Особенно важны аспекты комплексно структурированного объединения результатов юриспруденции, психологии, политологии, богословия и других отраслей гуманитарных наук. Значимость междисциплинарной интеграции объясняется тем, что область политики все же отстраненно обсуждается в правовой теории, поскольку на фоне превалирования описательного режима и политологических заимствований не осуществляется собственно погружение в юридическую динамику протекающих процессов естественности правовой действительности. Соответственно, ощущения этих процессов не отражают всю полноту функционирования юридической системной конкретики соответствующих признаков, критериев и параметров во всем многообразии указанной действительности.
Уяснение сущности мер правовой политики продолжило детализацию на первый взгляд малозначимых или даже в чем-то странных контекстов. Однако подобные «мелочи», возможно, не очень актуальные для правовой теории, привнесли в нее системно конкретную информацию юридической значимости, в частности, о наличии определенных закономерностей в мерах правовой политики. Объясняется это тем, что аналитика взаимодействия элементов механизма правоотношений изначально ориентирует на недостаточность интуитивных предположений описательного режима. Возникает естественная потребность максимально возможной детализации доказывания каждого авторского суждения. Она любому читателю позволяет устойчиво контролировать приводимые аргументы, соглашаться с ними или оппонировать.
В настоящем исследовании делался акцент на выводах Гегеля о связанности всех явлений и событий в общественной жизни. Детализация системной конкретики предполагаемой связанности предстает актуальной и потому, что своего рода нравственная «генетика» механизма правоотношений способна воздействовать не только на сугубо правовую действительность. Меры правовой политики, вероятно, влияют на социальную действительность в целом, ибо взаимность и паритетность прав и обязанностей не менее важны, например, в дружбе и любви. Такая органичность объясняется тем, что этика намного «старше» мер государственной правовой политики независимо от времени введения этого понятия в научный оборот. Ранее отмечалось, что этот механизм выступает одним из производных нравственного мировоззрения, форматируемого естественностью правовой действительности, наследуемой от родоплеменной организации социальной действительности.
Таким образом, отмеченные и иные подробности дополнительно подтверждают перспективность исследовательской методики на основании механизма правоотношений. Тем не менее рассмотрение сущности механизма правоотношений явно не исчерпано, и неведомое в правовой действительности продолжает существовать. Но совокупно сказанного вполне достаточно для того, чтобы полученные результаты концентрированно спроецировать на неопределенности повсеместно доминирующей искусственности теории права в целях развития опыта по исследованию естественности правовой действительности.

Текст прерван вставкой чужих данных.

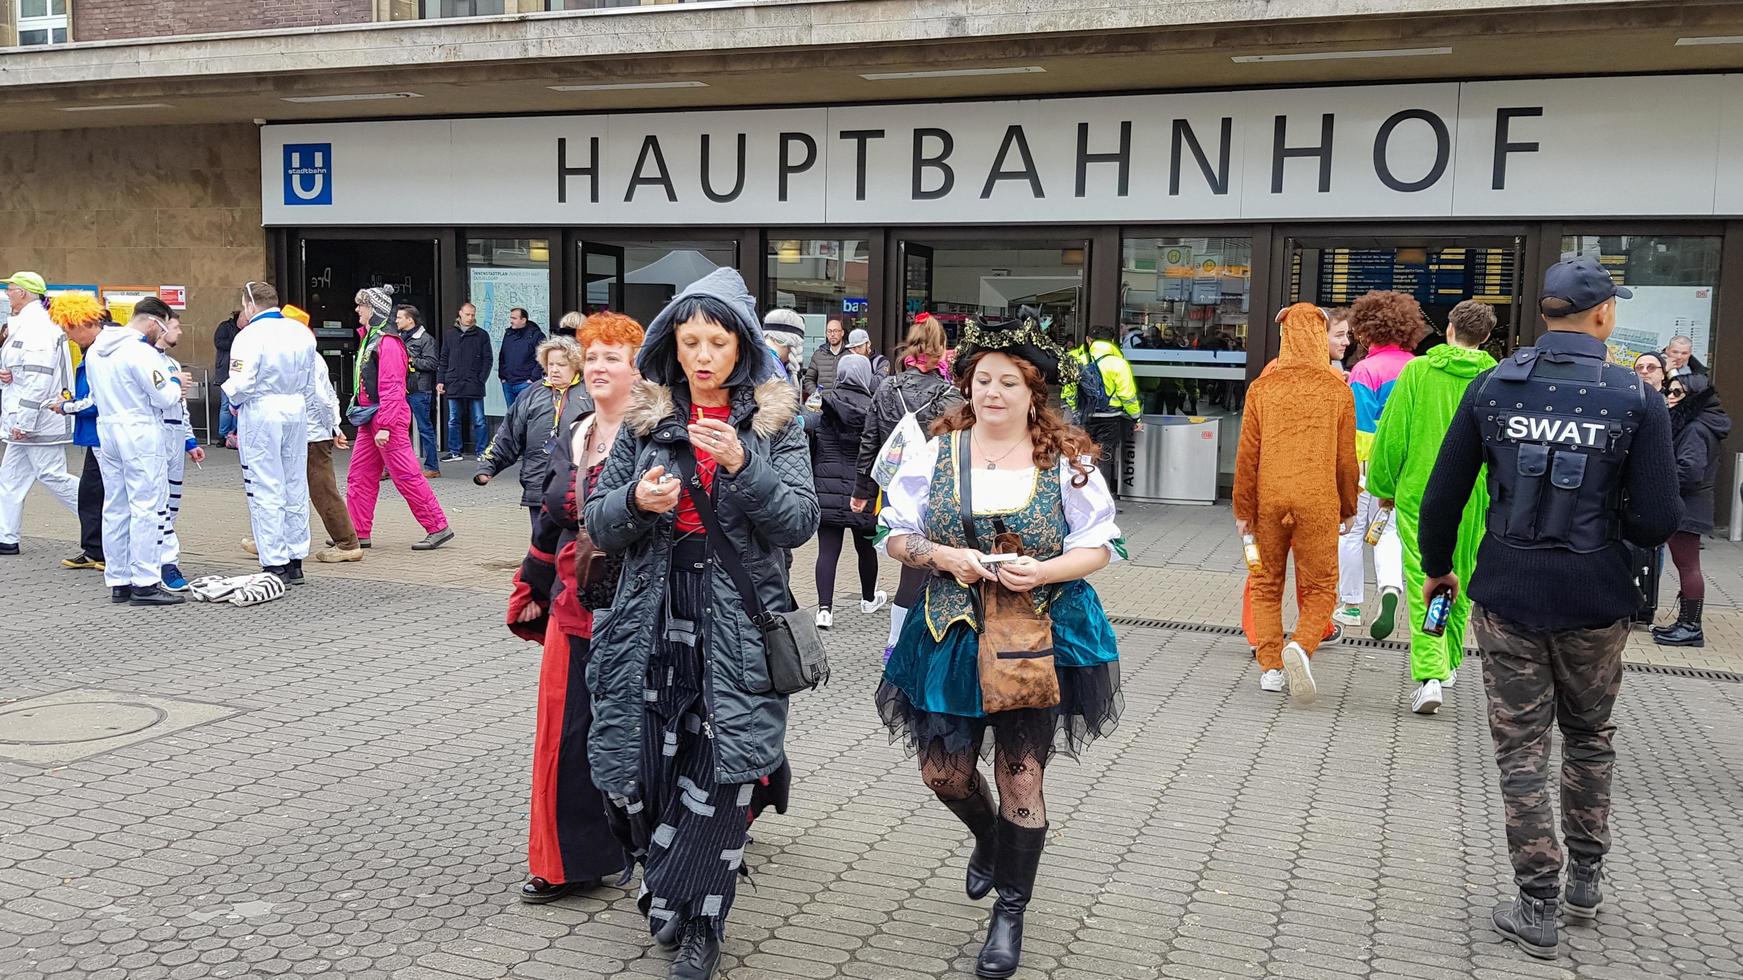 Dusseldorf, Germany - February 26, 2020. Main entrance to the main train station of Dusseldorf Hauptbahnhof during the carnival. Holiday of laughter and colorful dresses. photo

Авторские рассуждения, как правило, основываются на сравнении нескольких и несовпадающих точек зрения по конкретно обсуждаемому вопросу с использованием иной методики, основанной на признании факта юридических закономерностей. Присутствующая определенная категоричность и прямолинейность в авторских рассуждениях проистекает не из желания не соглашаться почти со всеми исследователями правовой теории, а из результатов анализа логики возникновения и развития механизма правоотношений, которая абсолютно не приемлет превалирования описательных методов. Локальным подтверждением этому служит формула «возникновение, изменение и прекращение правоотношений», а также отсутствие юридической детализации относительно взаимодействия субъектов при одностороннем понимании правоотношений, когда у одного право, а у другого обязанность. Казалось бы, их ощущения, особенно обязанной стороны, не являются малозначимым фактором. Однако в правовой теории за ними признается крайне незначительная функциональность. При сложившемся доктринальном понимании правоотношения нет потребностей в углублении и расширении аналитики в целях прояснения лишь чуть обозначенных самых настоящих идейно-словесных «дебрей», в первую очередь применительно к уяснению соотношения сущности правоотношения и правовой политики.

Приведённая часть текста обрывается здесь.